ALS Pathogenesis

Oxidative Damage

Cellular pathology in ALS is characterized by a build-up of free radicals and increased oxidative stress. Studies of cells in certain ALS animal models and also in ALS patients have shown an increase in oxidative damage from free radicals, and apparently, the more the disease progresses, the greater the amount of oxidative damage. The most widely studied familial ALS gene is SOD1, an enzyme that uses copper and zinc to produce hydrogen peroxide (H2O2) from toxic superoxide anion radicals ().1 SOD1 is a potent antioxidant that is essential for defending cells against damage from superoxide radicals. Multiple SOD1 variants are causal for ALS and many theories exist to account for the disease-causing effects of these mutations.
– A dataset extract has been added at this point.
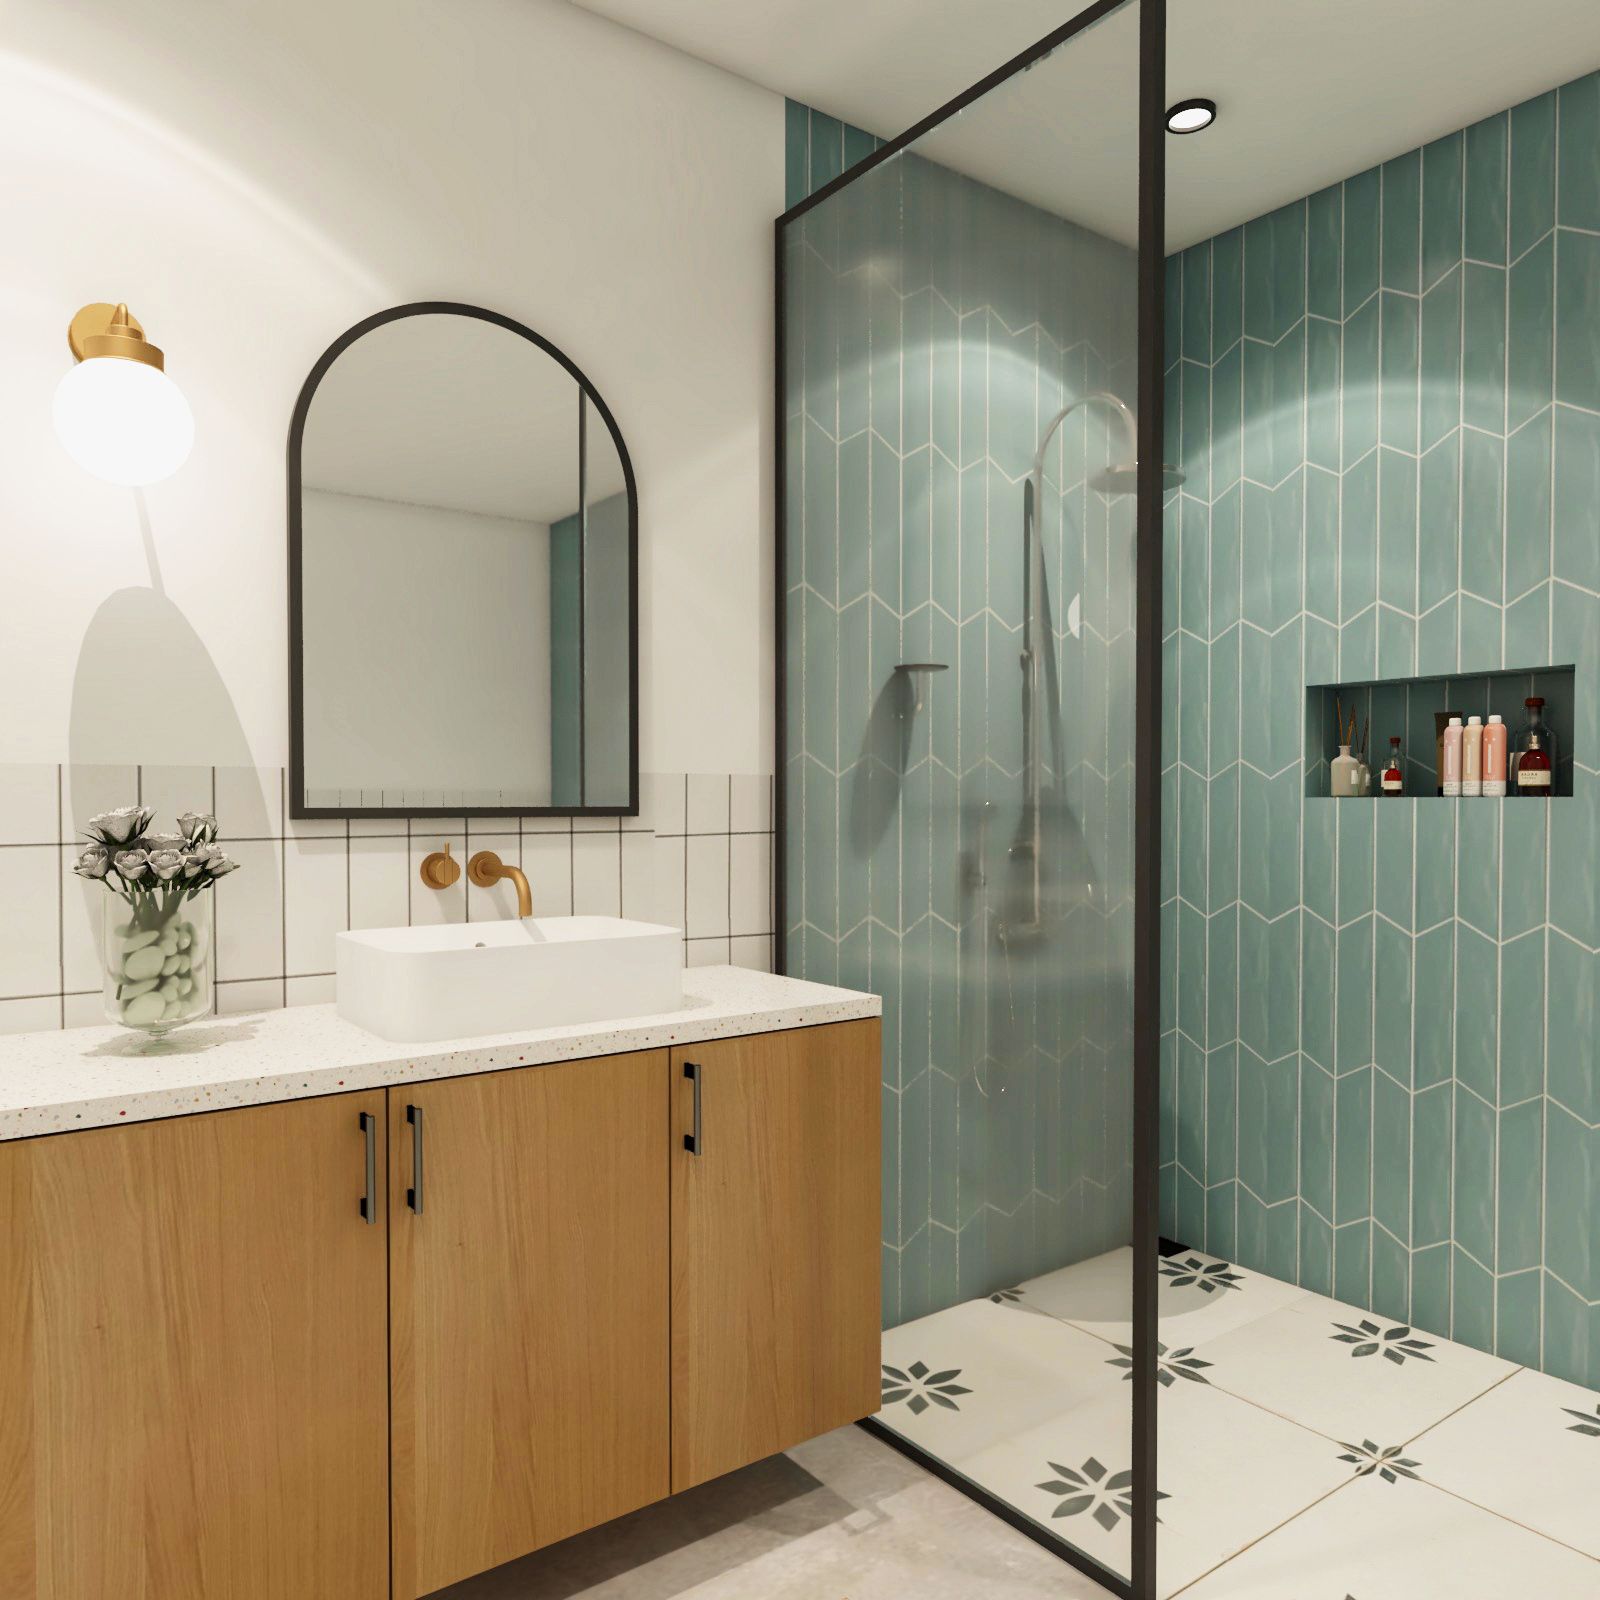 Contemporary White And Sea Green Small Bathroom Designs With White Corian Bathroom Countertop
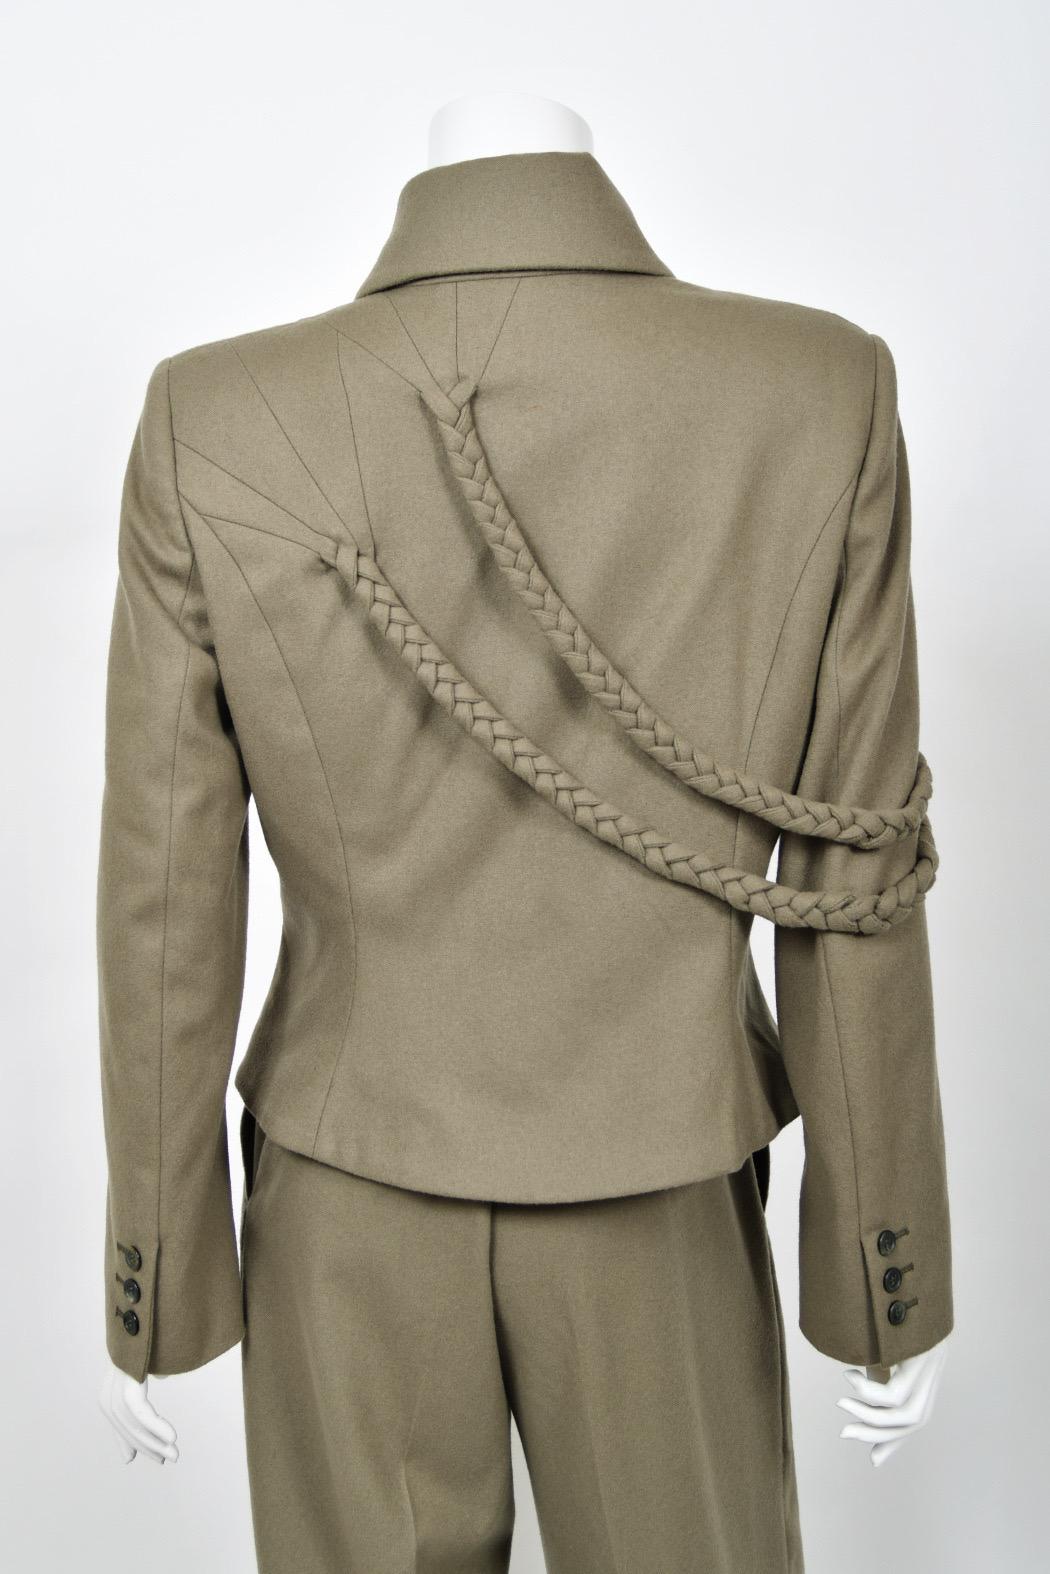 2001 Alexander McQueen Documented Runway Moss-Green Wool Braided Jacket Pantsuit For Sale 11

There theories include: preferential localization of SOD1 to the cytoplasm from the nucleus resulting in nuclear oxidative damage2, SOD1 aggregation in the mitochondria resulting in bioenergetic deficits3, increased production of the hydroxyl radical from hydrogen peroxide4, and proteasome destabilization5. SOD1 neurons undergoing endoplasmic reticulum (ER) stress are also more susceptible to death in vivo6 and astrocytes with the SOD1 mutation can cause death of motor neurons by a mitochondrial dependent mechanism.7 There is much controversy over proving that oxidative process is what truly causes the neuronal insults characteristic of ALS, and although oxidative damage does in fact occur in the disease, some researchers believe it is a secondary, downstream effect of the disease.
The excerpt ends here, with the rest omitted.